◆ Information supplied
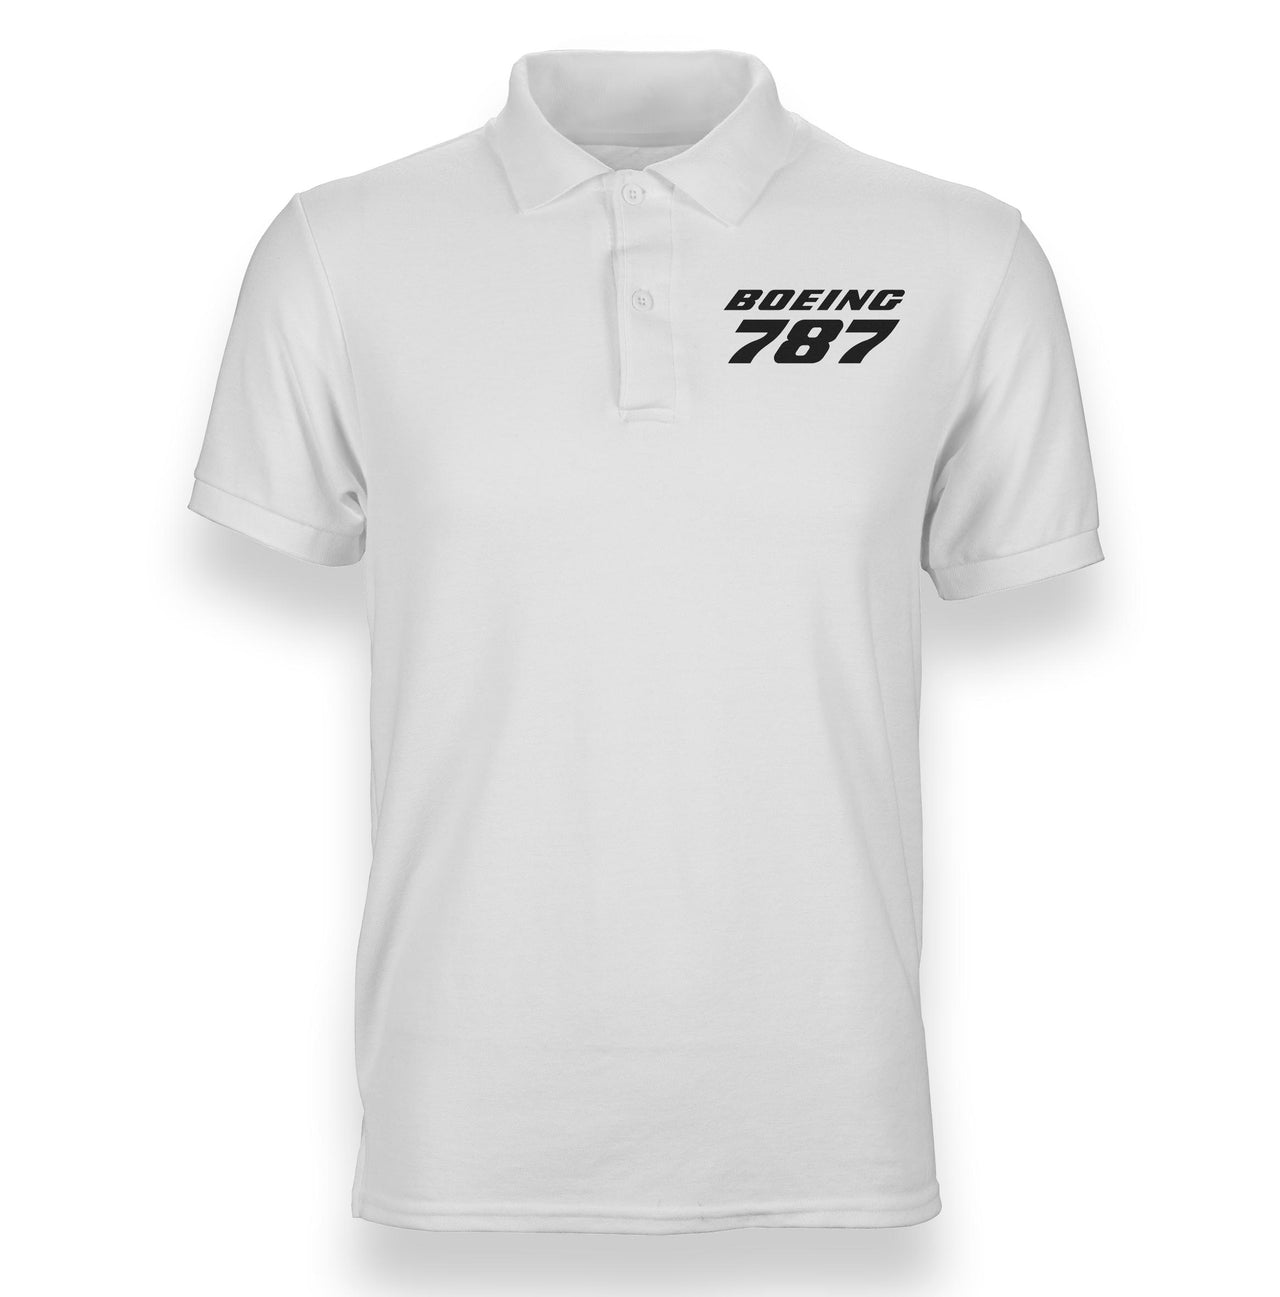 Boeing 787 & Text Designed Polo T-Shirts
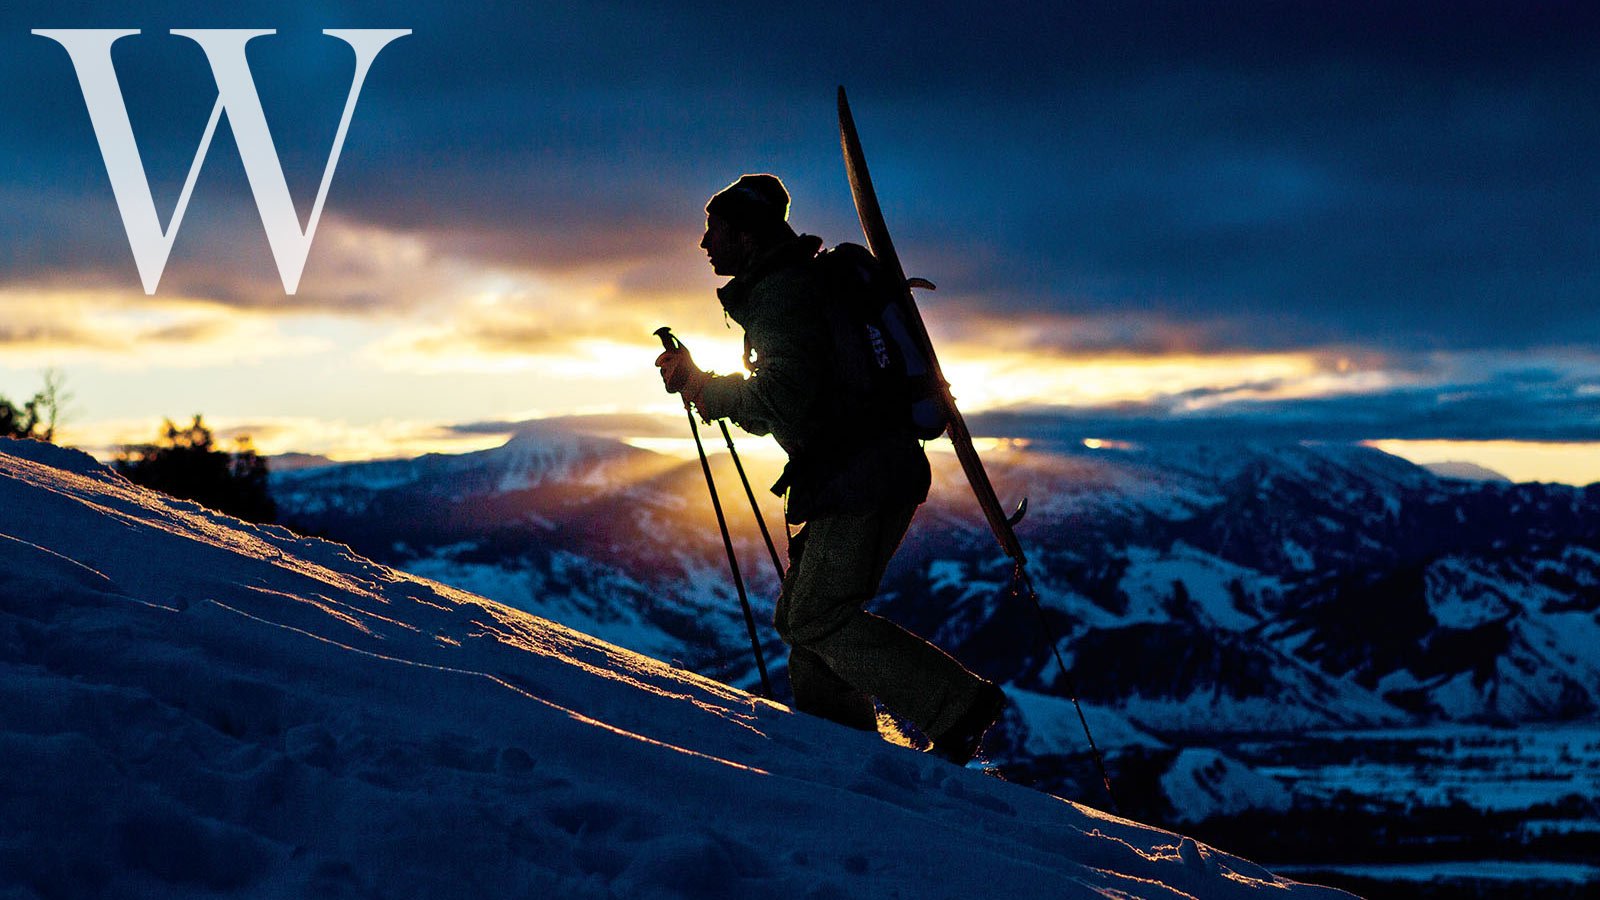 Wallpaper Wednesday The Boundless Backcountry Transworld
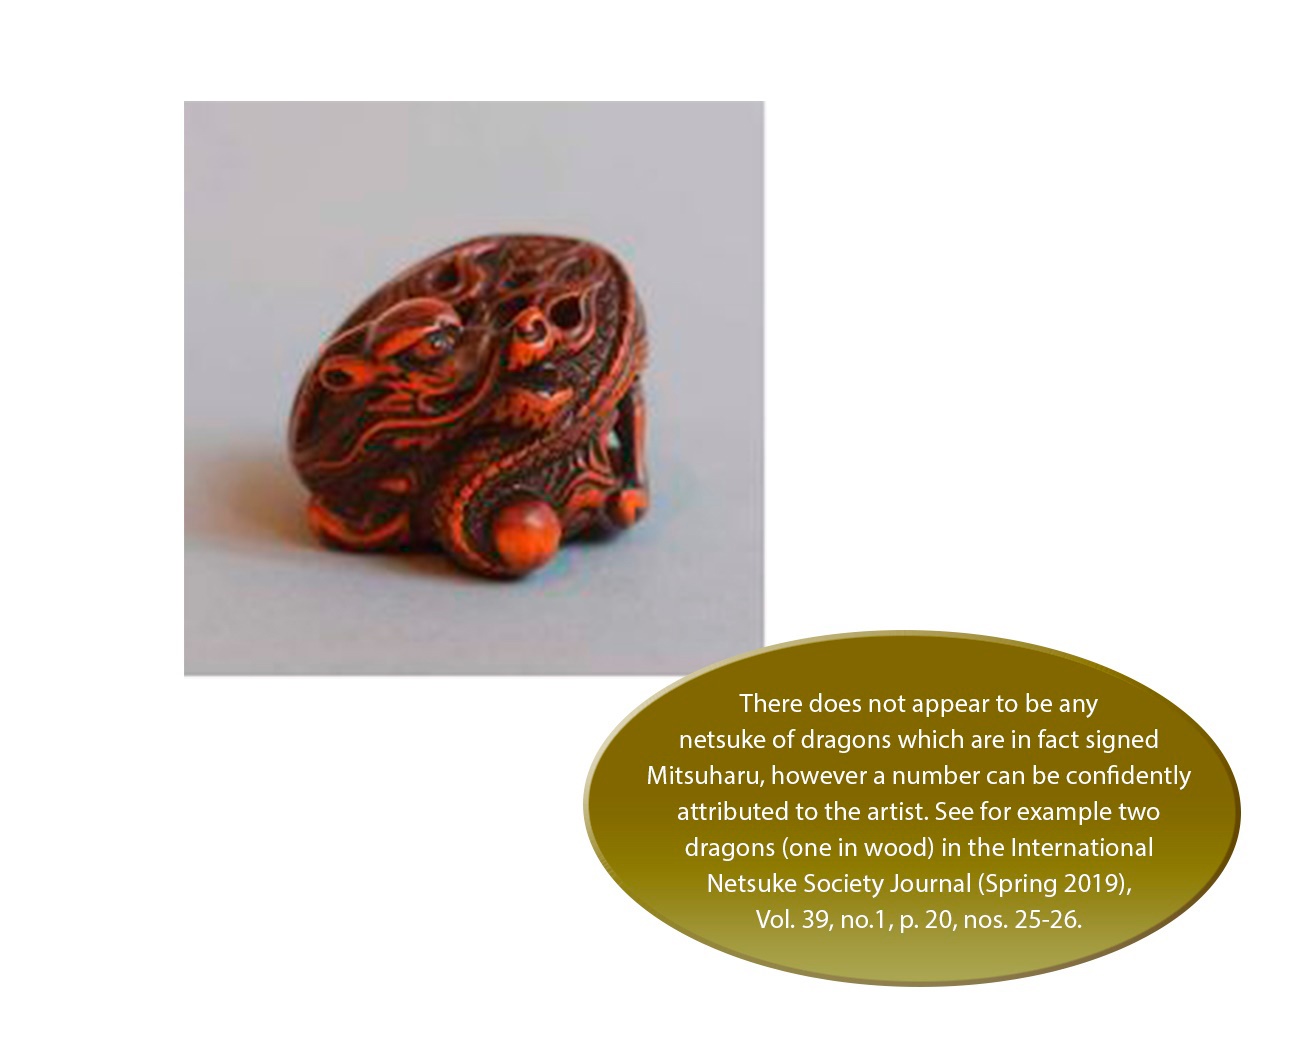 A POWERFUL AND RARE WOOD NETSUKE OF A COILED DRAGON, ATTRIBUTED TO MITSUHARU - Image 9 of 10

◆ Exercise directions
Line by line, reproduce exactly the lines from the one containing "Wallpaper Wednesday The" through the final line of the material, both included, leaving every picture out.

◆ Exercise result
 Wallpaper Wednesday The Boundless Backcountry Transworld
 A POWERFUL AND RARE WOOD NETSUKE OF A COILED DRAGON, ATTRIBUTED TO MITSUHARU - Image 9 of 10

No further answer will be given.